→ Data extract:

Start of Block

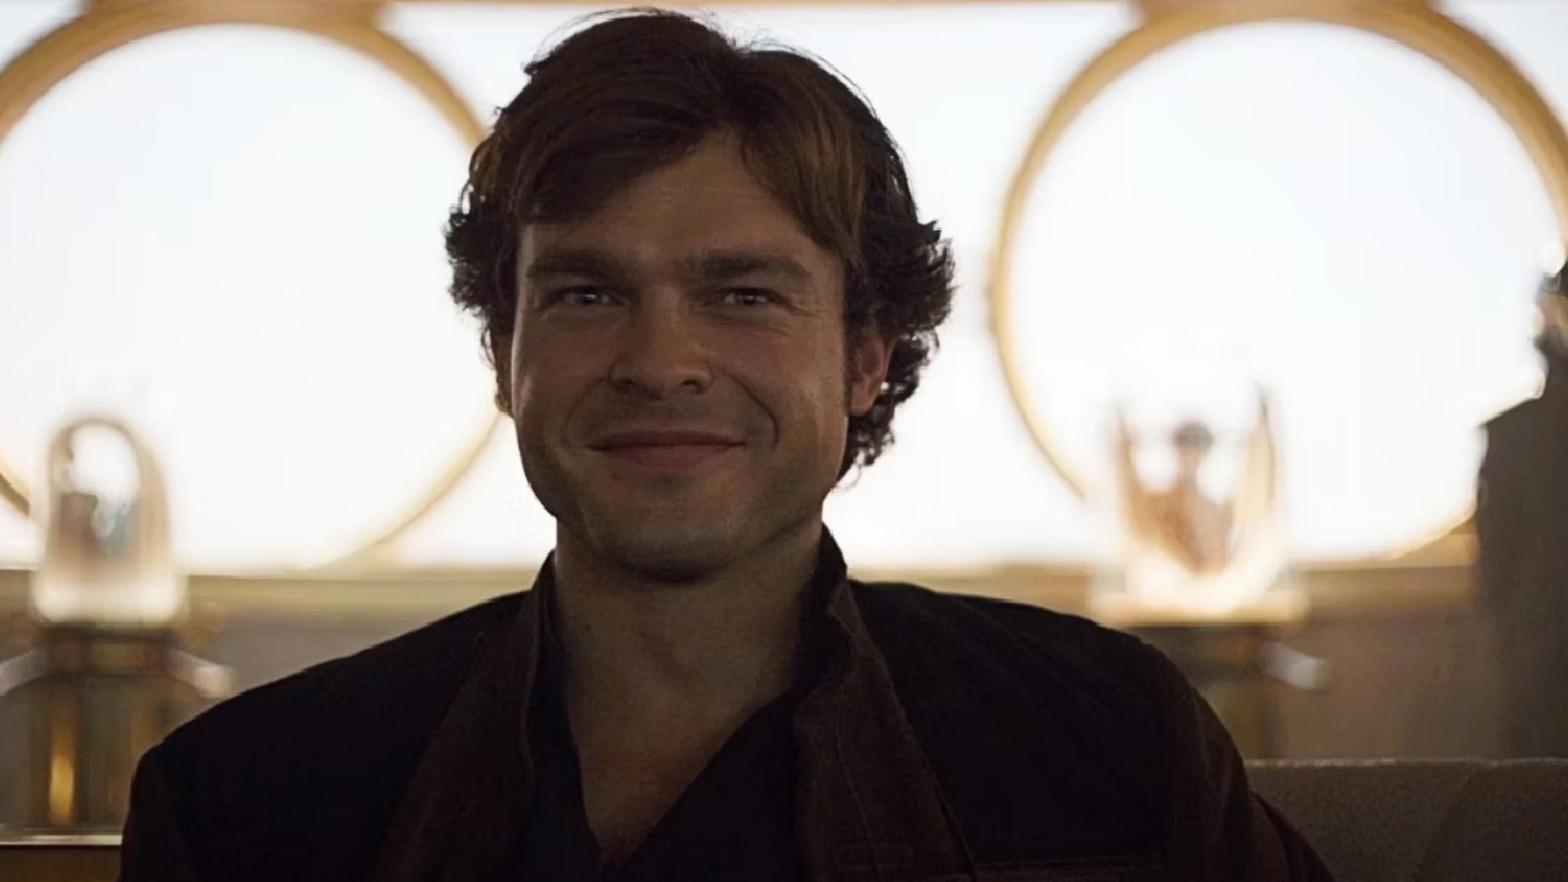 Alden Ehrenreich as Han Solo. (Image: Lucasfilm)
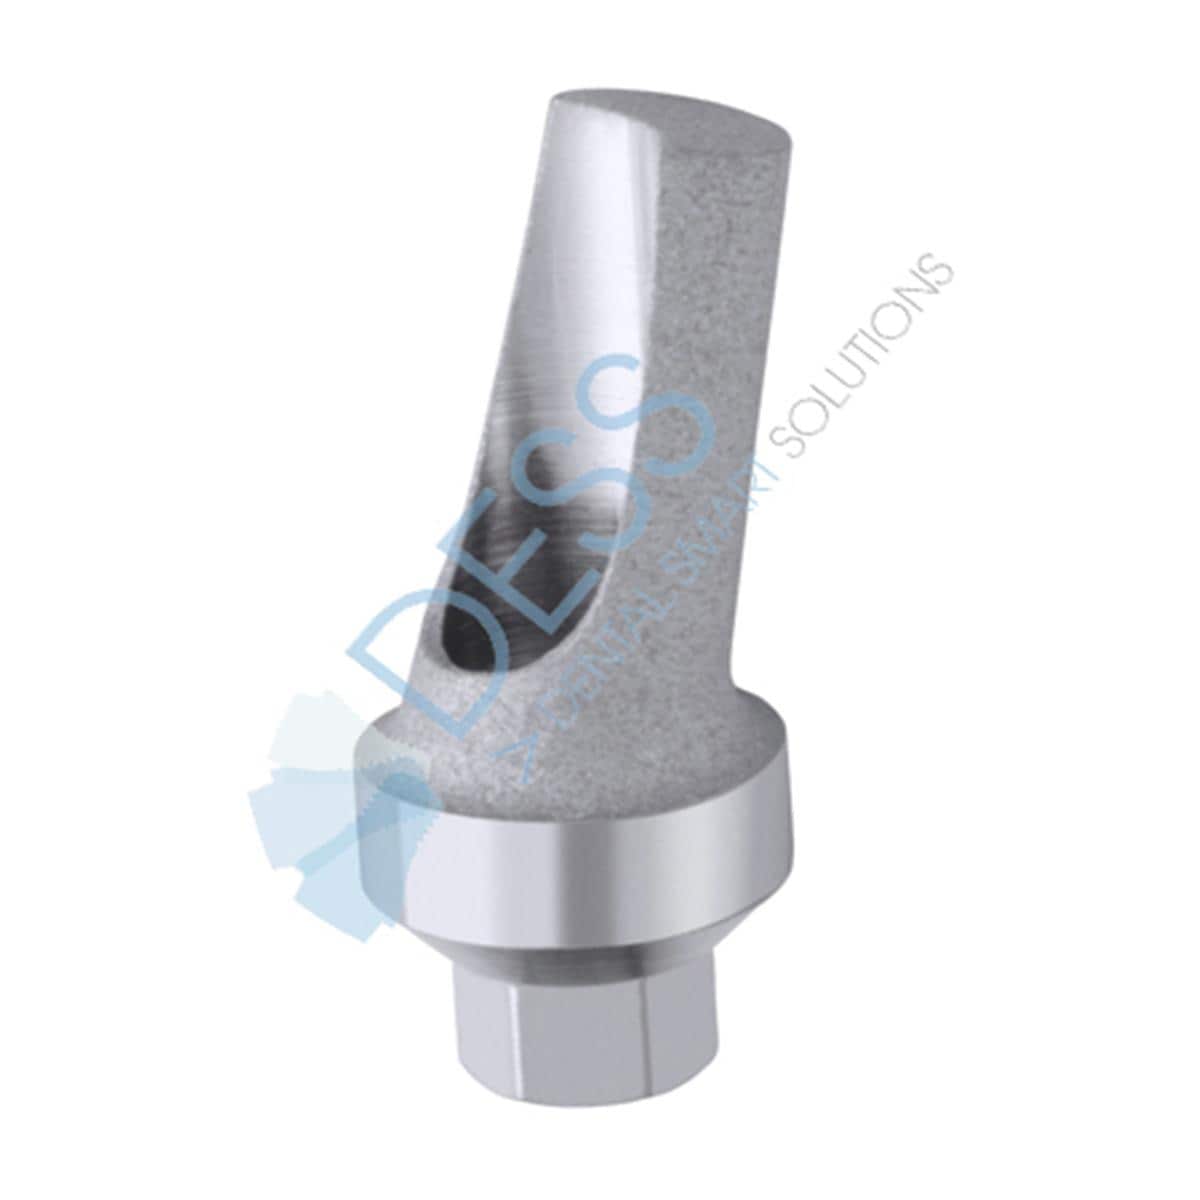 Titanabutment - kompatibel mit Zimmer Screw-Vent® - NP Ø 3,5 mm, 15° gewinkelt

End of Block
Start of Block

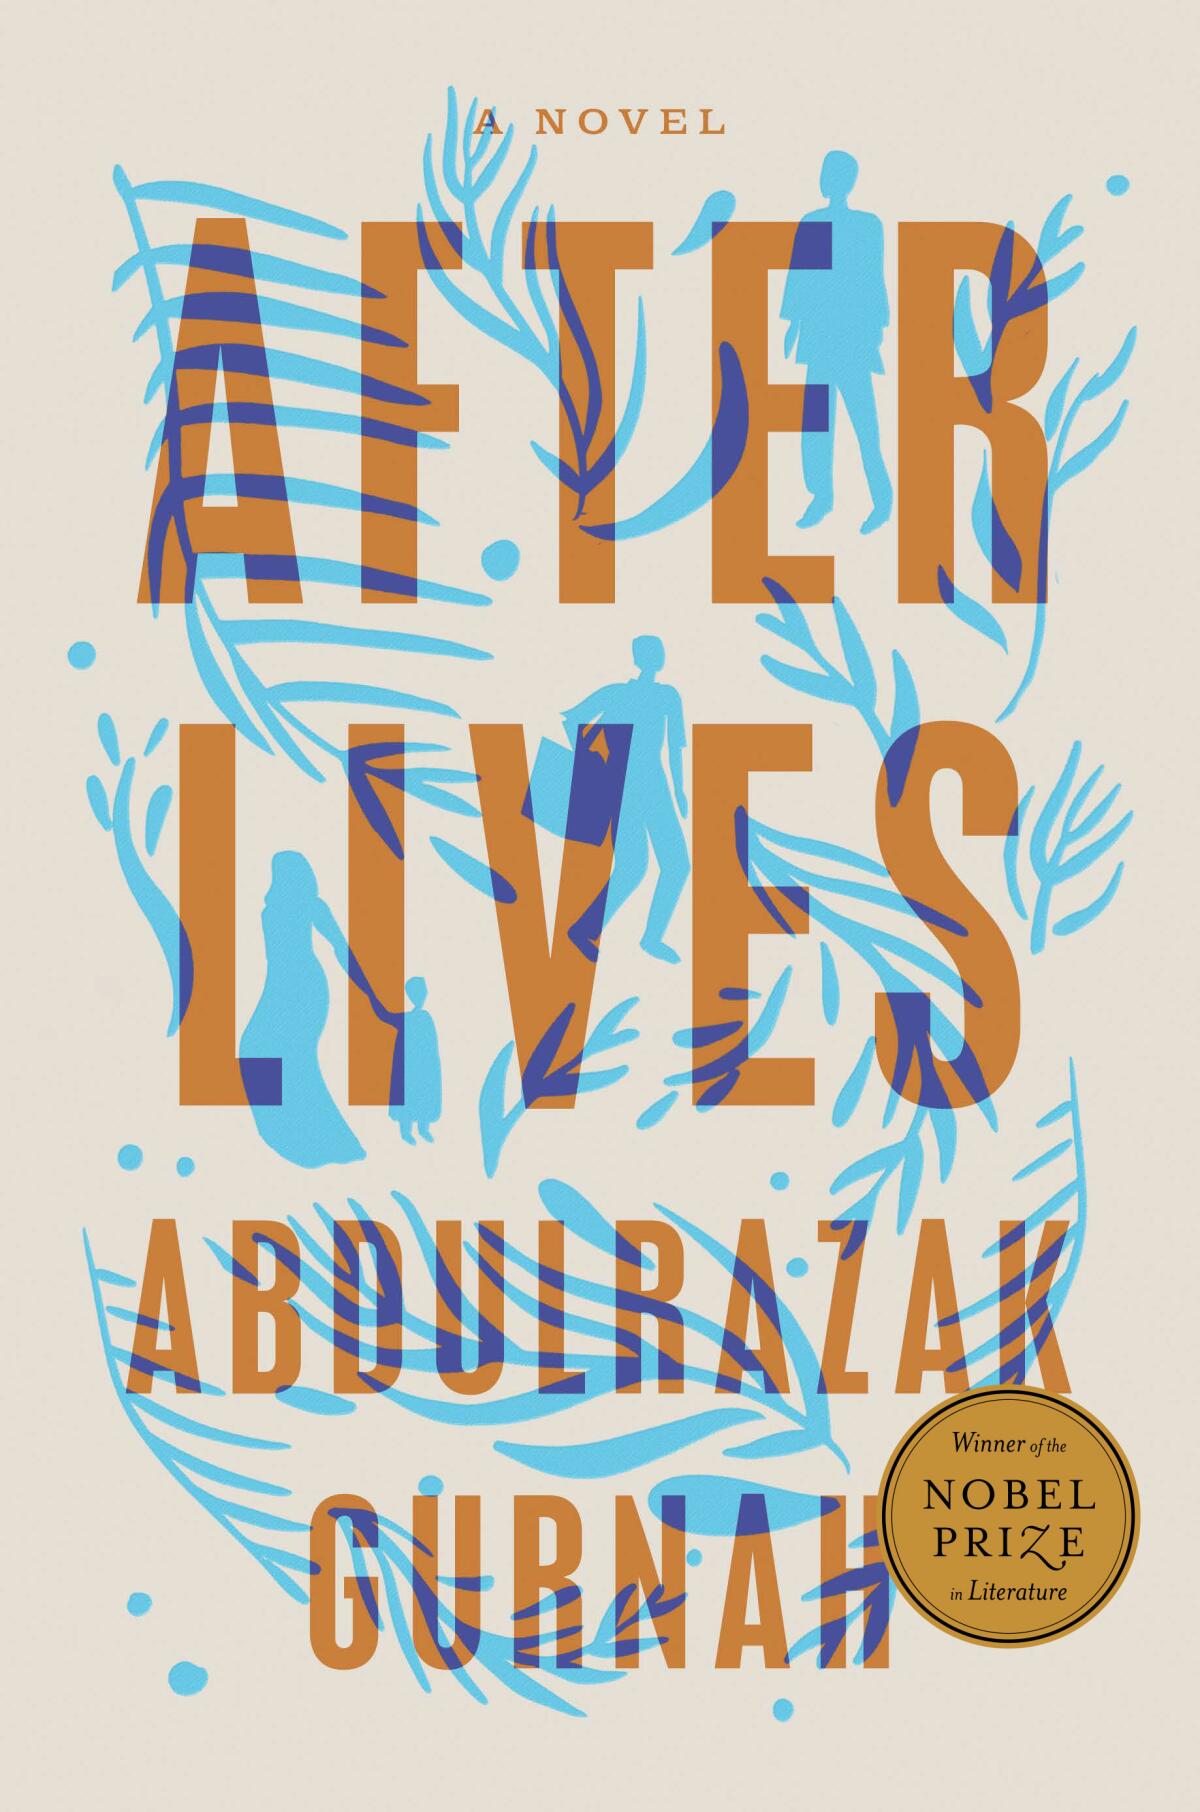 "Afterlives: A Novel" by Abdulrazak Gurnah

End of Block

→ Work to complete:
In the listing above, find the line containing "Alden Ehrenreich as" and the line containing "Titanabutment - kompatibel", then return both of them and every line between, exactly, without pictures.

→ Exercise answer:
 Alden Ehrenreich as Han Solo. (Image: Lucasfilm)
 Titanabutment - kompatibel mit Zimmer Screw-Vent® - NP Ø 3,5 mm, 15° gewinkelt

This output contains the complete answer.